# Eek!



## jojogal001 (Feb 19, 2019)

I woke up this morning and Dory wasn’t in bed with us. I came out to the living calling her name. I was so scared something was wrong with her!

When I got out there, Dory was on her bed. She quickly picked something up and got off. I saw a tail hanging out the front of her mouth and I thought she’d gotten a lizard. But when she dropped it... it was a mouse!!! Eek! I e never had one in my home, and I still don’t know how it got in there. Ugh!


Sent from my iPhone using Tapatalk


----------



## lily cd re (Jul 23, 2012)

Good on her for dropping it!


Mice can fit through tiny cracks. If their head can fit the rest of them will too. Since I think I recall that you live in an apartment, get your landlord to have an exterminator put out traps and seal any gaps from outside with plain steel wool.


----------



## Skylar (Jul 29, 2016)

wow, Dory is good. What happened to the mouse?


----------



## jojogal001 (Feb 19, 2019)

Oh my goodness, it was dead. I don’t think Dory killed it as later in the day, she found another one. I think they were sick. They were super skinny and I never heard her chasing the other one, she just appeared with it. I would imagine mice are living in the attic, or somehow got in the walls. I’ve never seen them before in here.
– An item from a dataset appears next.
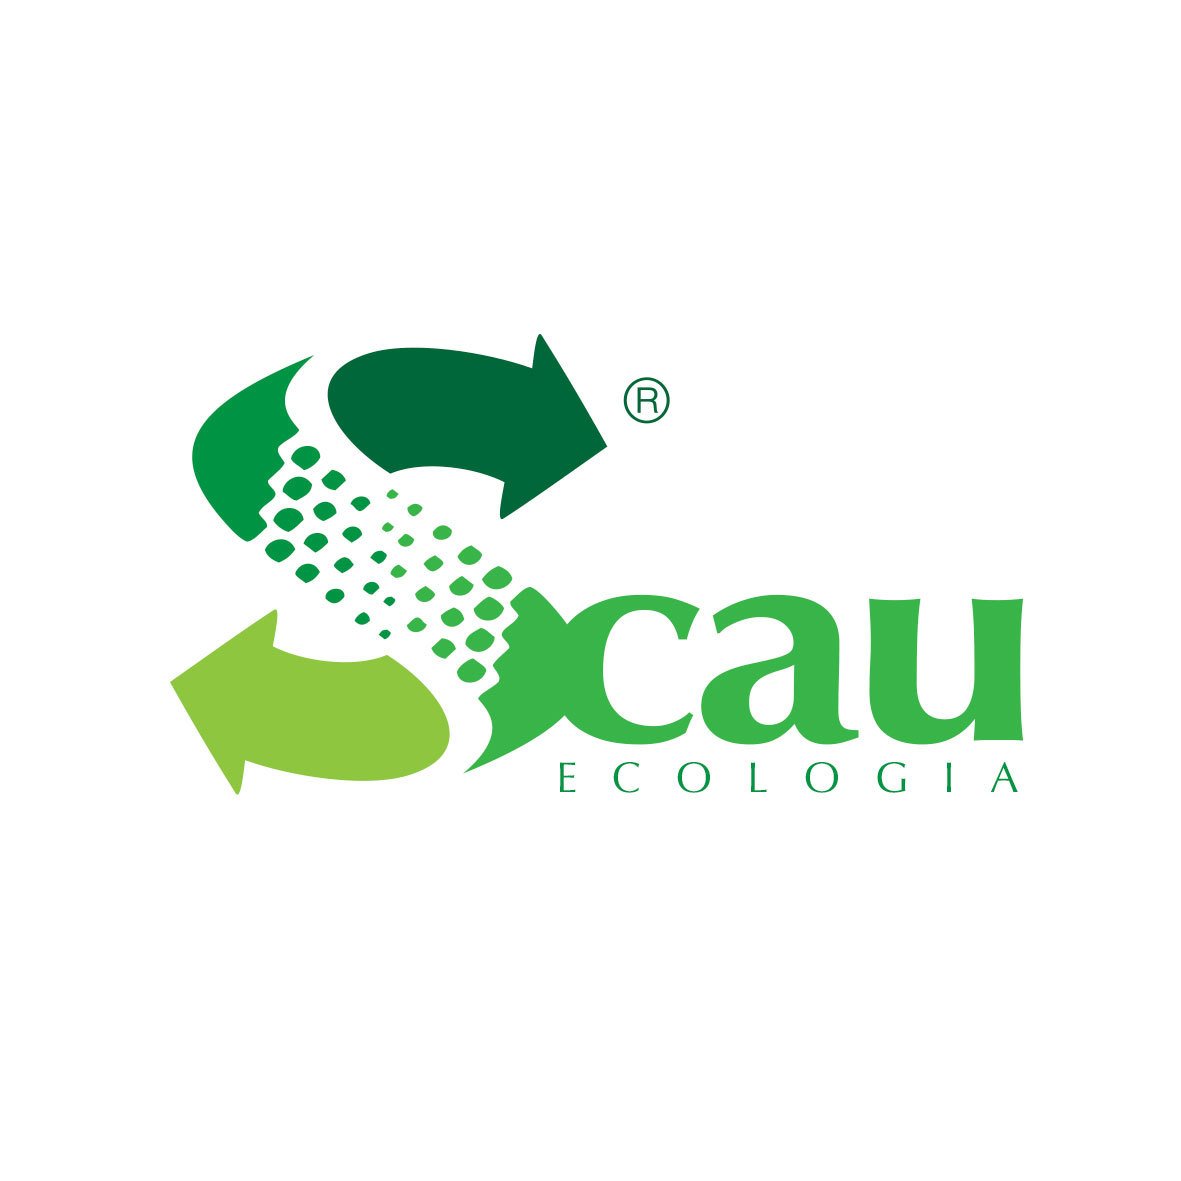 Scau Ecologica - 2018

Sent from my iPad using Tapatalk


----------



## jojogal001 (Feb 19, 2019)

lily cd re said:


> Good on her for dropping it!
> 
> 
> Mice can fit through tiny cracks. If their head can fit the rest of them will too. Since I think I recall that you live in an apartment, get your landlord to have an exterminator put out traps and seal any gaps from outside with plain steel wool.




You know, the more I thought about it, I realized they could have come in under my door. The threshold needs to be replaced and I’m sure they could fit their head under it. I’ll be ordering a new threshold soon!


Sent from my iPhone using Tapatalk


----------



## Moni (May 8, 2018)

jojogal001 said:


> Oh my goodness, it was dead. I don’t think Dory killed it as later in the day, she found another one. I think they were sick. They were super skinny and I never heard her chasing the other one, she just appeared with it. I would imagine mice are living in the attic, or somehow got in the walls. I’ve never seen them before in here.
> 
> 
> Sent from my iPad using Tapatalk


Make sure she doesn't eat any of them - because if they are sick because of mouse poison she could get really sick herself if she eats them. So many raptors die that way..


----------



## jojogal001 (Feb 19, 2019)

Moni said:


> Make sure she doesn't eat any of them - because if they are sick because of mouse poison she could get really sick herself if she eats them. So many raptors die that way..




Thanks for the warning, but she was licking the back of one like she was trying to revive it lol. She really is very gentle. But no, I’d never let her eat one. 


Sent from my iPhone using Tapatalk


----------